So I created an interface called LLPGSearch and have initially then created a new version of the HardCodedClientValues class and then the rest of the code works using the values it gets from the interface. So now when I have some more time and improve the code, instead of using the HardCodedValues class I will collect the values from some property or xml files but fit them into a class which implements the LLPGSearch Interface which should hopefully mean the rest of the code will work not knowing that I have changed what's behind the interface. Basically showing that by hiding the implementation using an interface I have separated the things that change from the things that stay the same.

I liked this code because firstly it seemed funny to me and other developers to see someone write a class called "HardCodedClientValues" and I don't think they understood what I was doing. It was also interesting for me because it was hiding the implementation but I wasn't thinking about that by name but realised that I had done that when I read this good explanation of Hiding the implementation from Thinking in Java 3rd

Every time you fix a bug you risk introducing another

I read this article today called Why we all sell software with bugs, I actually read the article in the newspaper which had a link to his site where I found the full article http://software.ericsink.com/articles/Four_Questions.html

if you have read my blog recently (hello, is there anyone out there listening, looks like I'm blogging to myself again) you will know that I have recently been stopped abruptly by bugs other developers have put in. The bugs recently have been added whilst fixing other bugs, so the title of this piece and a quote from the article is entirely accurate in my experience.

The most dangerous bug is the what I call the unwanted side effect bug.

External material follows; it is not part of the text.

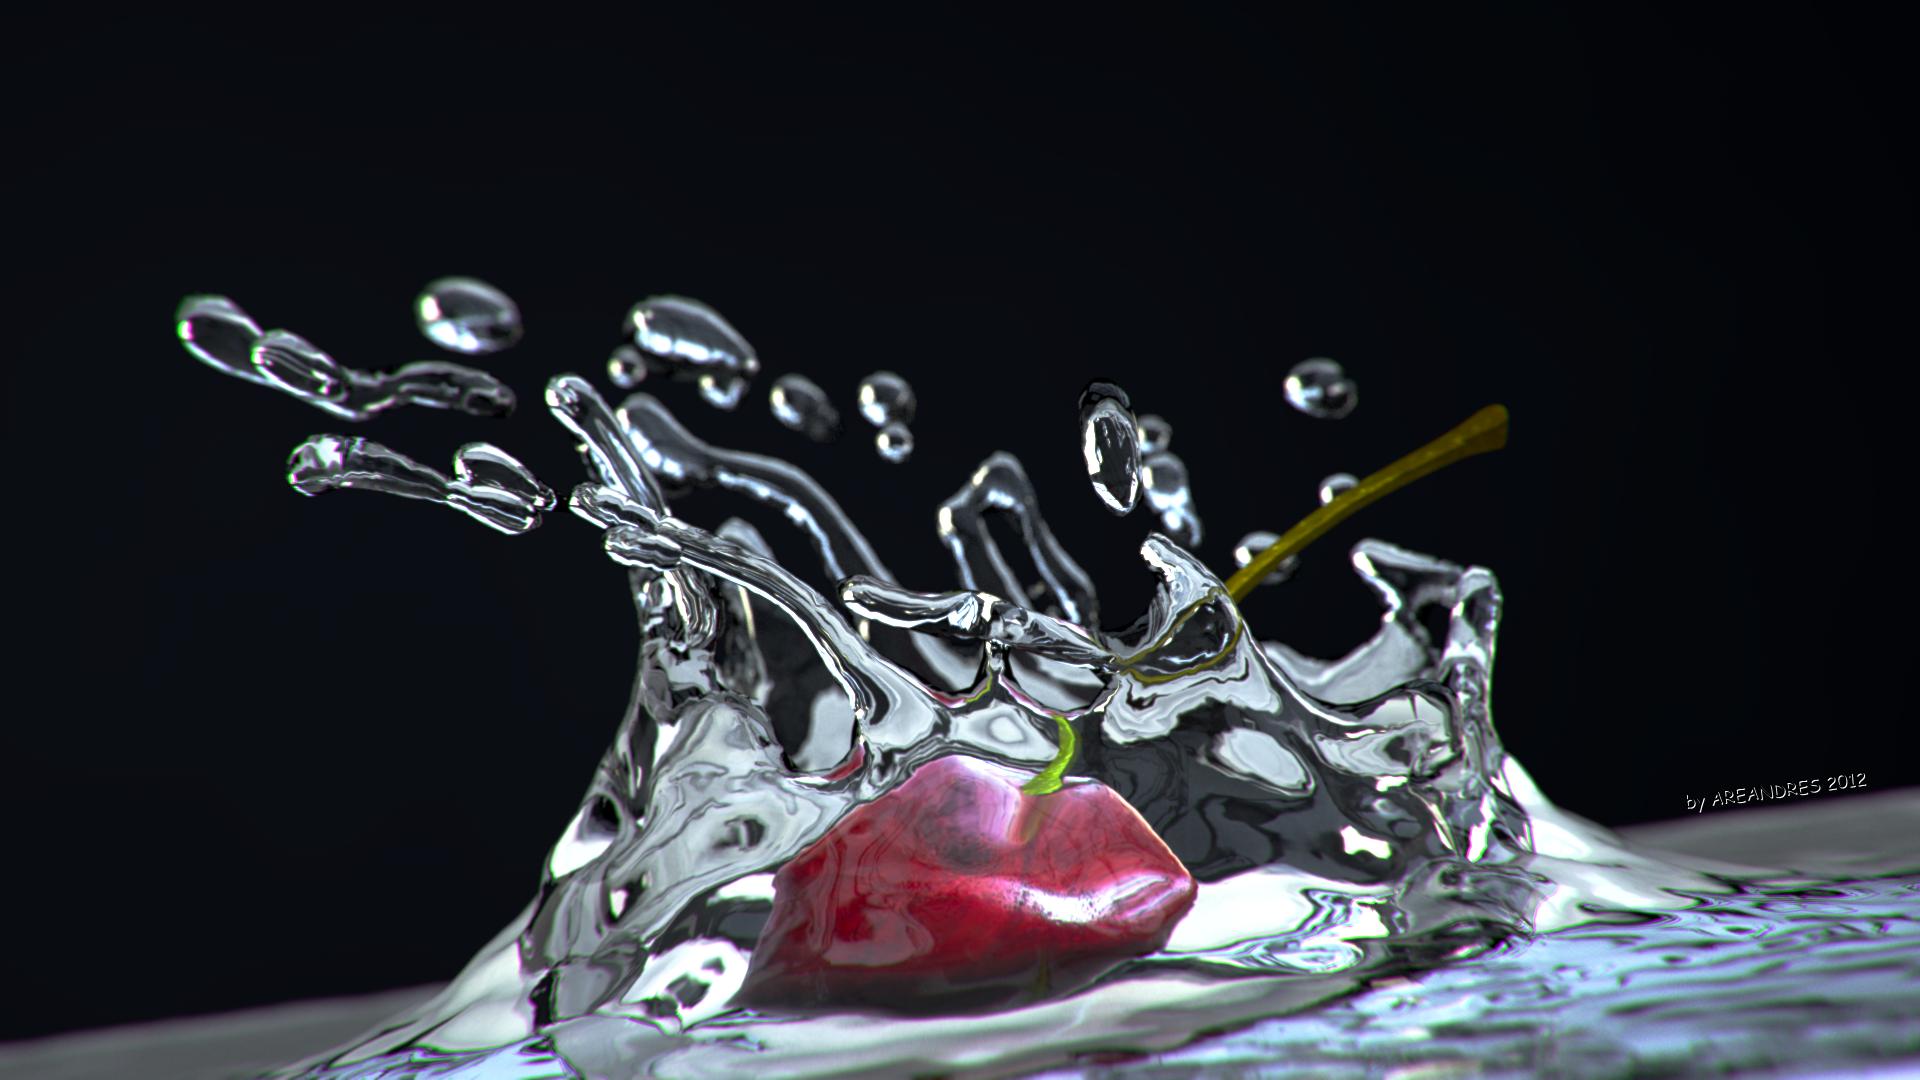 Cherry fluid wallpaper by areandres on deviantart - Fluid wallpaper ...

It involves the changes you have made to fix one bug have unwanted side effects which then makes one or more bugs pop up else where in the system.

In my experience everyone knows there are some bugs in the system and sometimes they aren't high priority merely because they are not effecting the fundamental use of the software. Bugs can also be ignored if there is an easy work around for them, some times is safer to do this rather than wade in the code and fix it. The recent group of bugs have been because a developer has bravely/foolishly changed some of the core classes. It goes without saying that if you change a class that is used all the time then it increases the chances of you putting in a bug. Basically more interaction a class has in your software the increased chance of a bug popping up after you change it's code. The article explains why the company he works for would release code with bugs in (apart from not having any choice because code will always have bugs in, surely?)

1. You release with known bugs because you care about quality so deeply that you know how to decide which bugs are acceptable and which ones are not.
2. You release with known bugs because it is better to ship a product with a quality level that is known than to ship a product which is full of surprises waiting to happen.
3. You release with bugs because the alternative is to fix them and risk introducing more bugs which are worse than the ones you have now.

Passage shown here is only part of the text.